A. Knight, le jugement et l’opportunisme

La question de la coordination entre les acteurs de la relation de crédit est abordée au sein des modèles de l’économie bancaire présentés, d’une manière qui évacue les interactions pouvant la permettre. Plus précisément, le problème est résolu « grâce » aux hypothèses retenues : l’hypothèse d’opportunisme des acteurs, et celle qui veut que les agents exploitent au mieux l’information disponible et forment des anticipations homogènes dès lors qu’ils partagent la même information.

En raison de l’hypothèse d’opportunisme, il est nécessaire de fixer ex ante les conditions qui conduiront les acteurs à tenir leurs engagements. La relation telle qu’elle se déroule ensuite n’a pas d’effets, elle découle des conditions initiales. Le comportement des acteurs ne dépend pas des interactions composant la relation bancaire mais seulement de ses caractéristiques objectives. Si cette forme de coordination est possible, c’est en raison de la seconde hypothèse sur l’homogénéité des anticipations.

Cette hypothèse permet d’anticiper le comportement de chaque personne lorsque les informations auxquelles elle a accès sont connues. Comme le souligne Rivaud-Danset (1996), « dans le contrat de long terme, il n’est plus possible à l’une des parties d’ignorer les actions de l’autre, chaque partie respectant le contrat implicite dès lors qu’elle pense que les actions de l’autre se conformeront à ses attentes » (p. 951). Il s’agit là d’une hypothèse extrêmement forte dans la mesure où elle suppose d’ignorer la diversité des éléments qui peuvent être sources d’hétérogénéité dans la conception du futur, et donc, dans la formation des anticipations. Si l’on abandonne cette hypothèse, il est à nouveau possible d’interroger les interactions entre client et banquier et ainsi d’analyser l’incertitude portant sur l’output.
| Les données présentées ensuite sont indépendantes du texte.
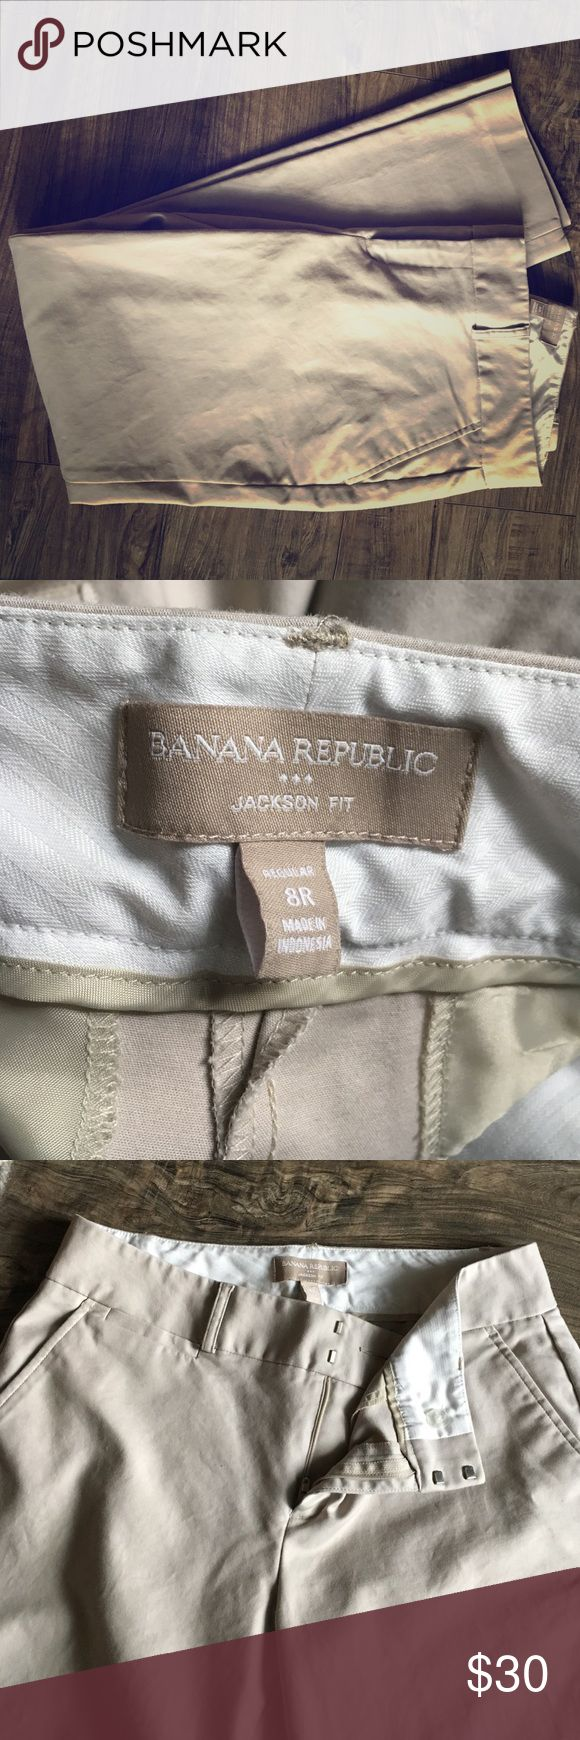 Banana Republic Jackson fit khakis Like new. Slim fit khakis. Size 8R Jackson fit Banana Republic Pants Skinny

En se référant aux travaux plus anciens de Knight (1921), il apparaît que l’incertitude peut être expliquée par le caractère inobservable ex ante et hétérogène des capacités de traitement de l’information de chacun des contractants. C’est l’ignorance que chacun a de la capacité de l’autre à réaliser des anticipations qui engendre une incertitude sur la qualité de l’autre partie. Ainsi, « l’emprunteur, quelle que soit sa volonté de communiquer, peut être dans l’impossibilité de construire une représentation du futur qui permette à lui-même et a fortiori au prêteur d’évaluer, avec confiance , la rentabilité prévisionnelle de son projet. Au principe de l’information incomplète d’une des parties par défaut de communication, se substitue dans ce cas celui de l’incertitude communément partagée » (Rivaud-Danset, 1995, p. 239).

La prévision réalisée par les acteurs comporte alors deux dimensions qu’il faut distinguer : la formation d’un jugement et l’évaluation de sa qualité c'est-à-dire la confiance que la personne accorde à son propre jugement (Moureau & Rivaud-Danset, 2004). Il n’est ainsi pas nécessaire pour fonder l’incertitude « de postuler des principes extérieurs à la construction théorique initiale, tels que l’opportunisme des agents économiques ou l’existence d’intérêts divergents (entre le principal et l’agent) » (Rivaud-Danset, 1995, p. 230). Elle prend sa source dans la singularité des capacités de jugement des acteurs et l’impossibilité pour autrui de les observer ex ante. De même, l’aversion différenciée au risque présente dans certains modèles peut s’expliquer par les différences de confiance que les personnes accordent à leur propre jugement (Rivaud-Danset, 1995).

Ce changement de cadre d’analyse permet de considérer les incertitudes présentes dans la production de l’output (la transformation) sans se priver des effets potentiellement utiles des interactions entre client et banquier. Cela réhabilite les interactions car, « en raison des capacités différenciées d’interprétation des informations disponibles et d’anticipation, la séquence état de l’environnement chargé en information-anticipation-décision-action-résultat ne peut plus se réduire à la séquence environnement-action-résultat » (Rivaud-Danset, 1996, p. 944).

La succession des interactions est potentiellement source de confiance, d’une amélioration de la qualité du jugement du client et du banquier, et de l’émergence d’un cadre d’échange commun permettant l’ajustement entre les deux parties. On retrouve donc une des hypothèses guidant ce travail : la qualité des interactions a un effet direct sur la prise de décision des acteurs, à la fois en permettant d’évaluer et de réduire le niveau de risque. Toutefois, ces interactions ne sont pas exemptes de difficultés.